Print exactly the lines that run from the one containing "Scan of page 2927" to the final line of the data, both included, and print none of the pictures.

**Information shown**

- - - -

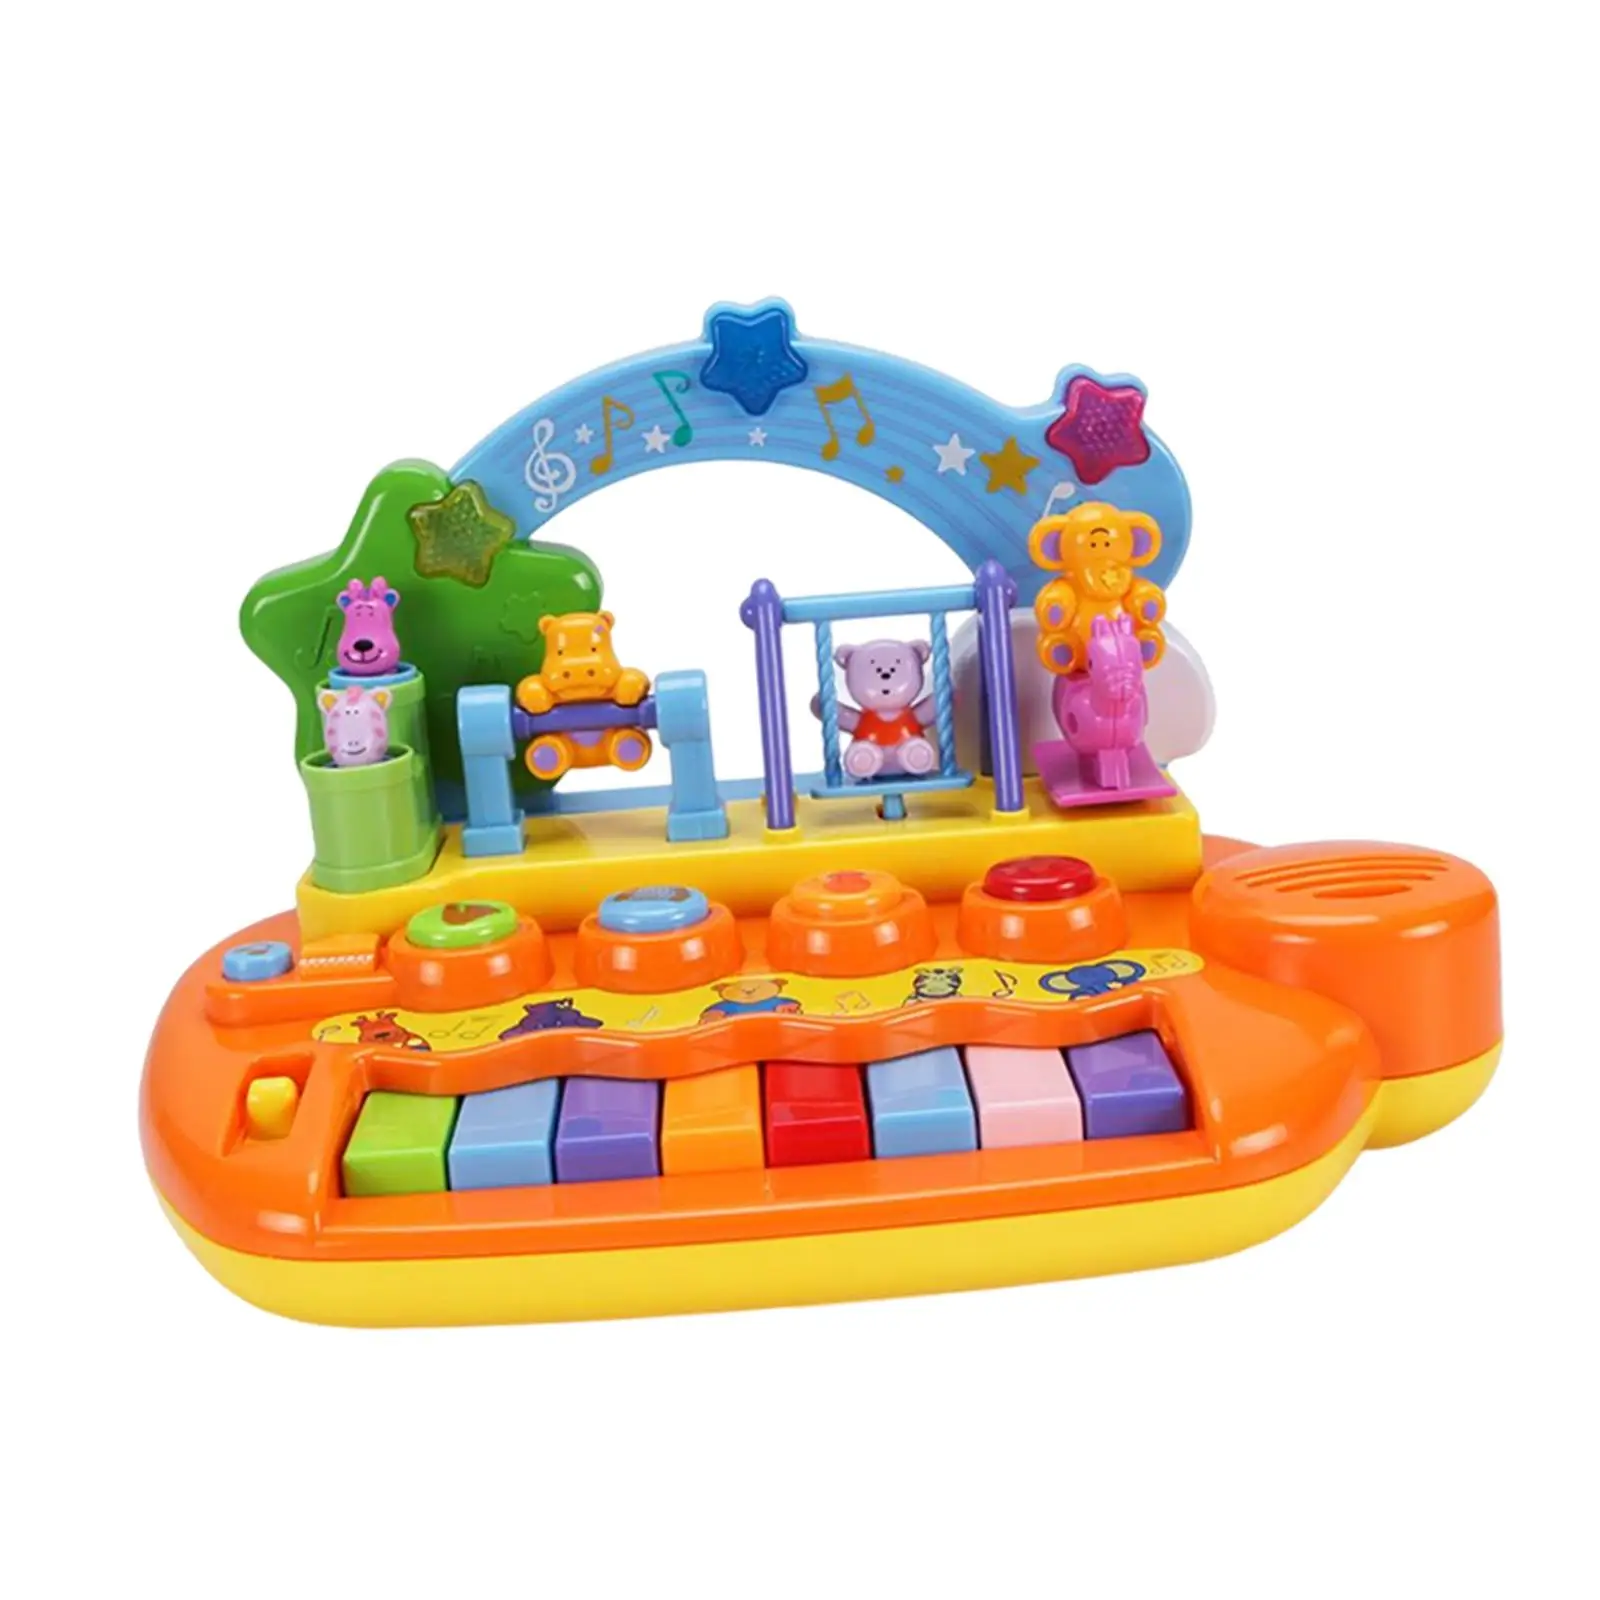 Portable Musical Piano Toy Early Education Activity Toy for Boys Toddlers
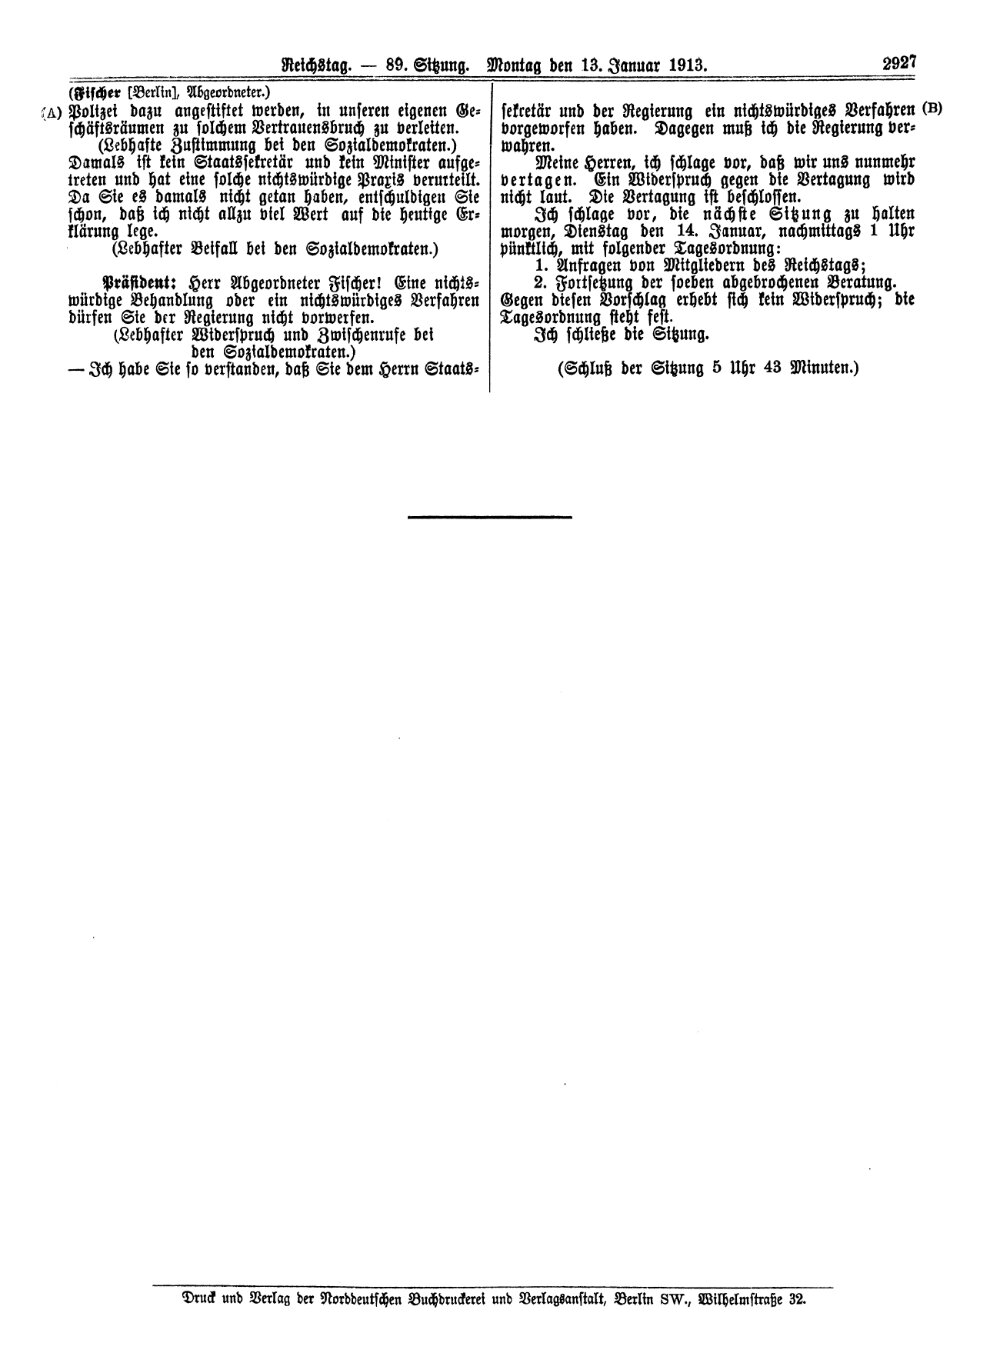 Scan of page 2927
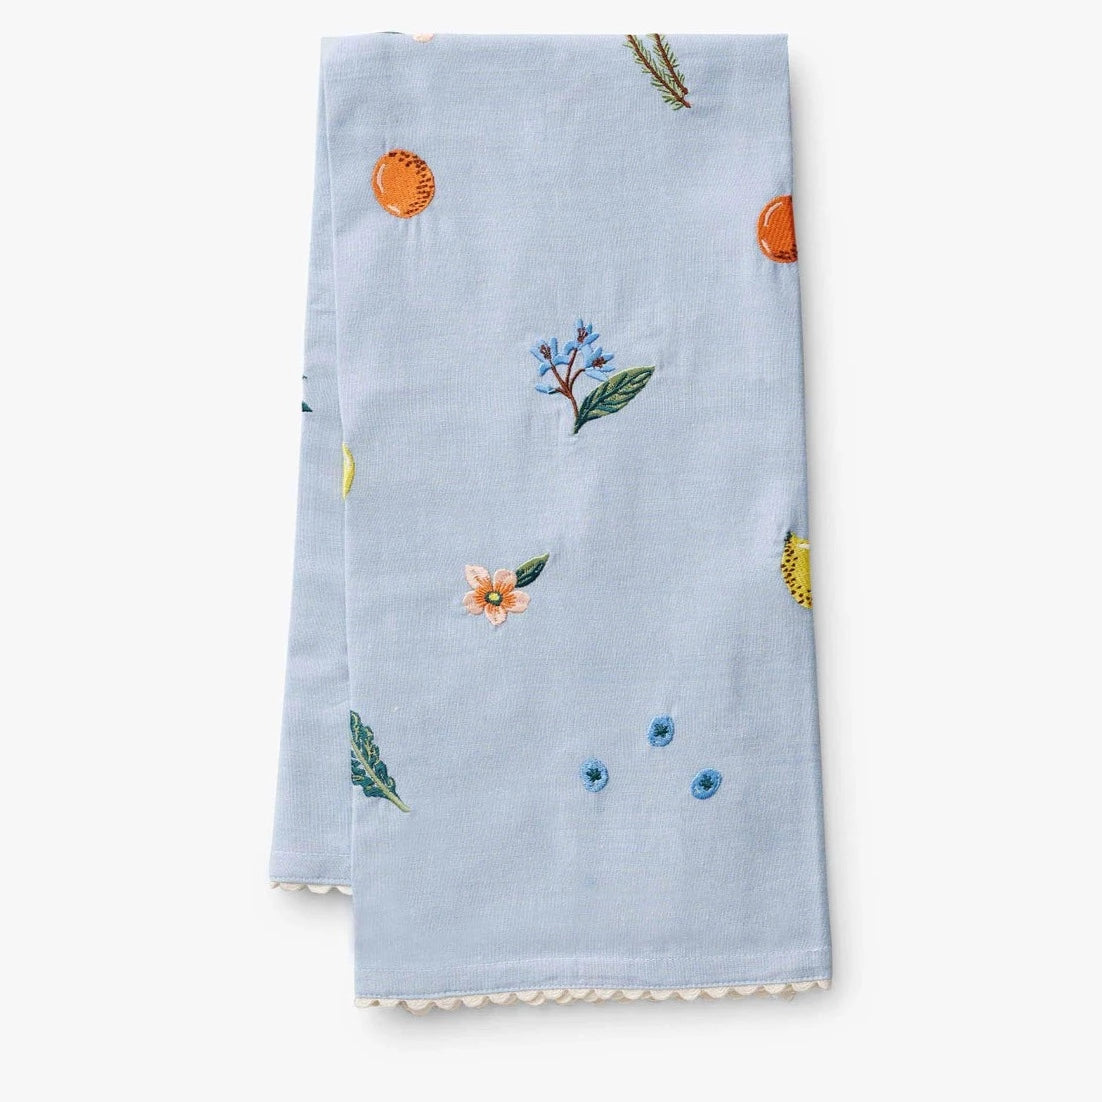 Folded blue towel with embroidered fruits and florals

- - - -

**Answer section**
 Scan of page 2927
 Folded blue towel with embroidered fruits and florals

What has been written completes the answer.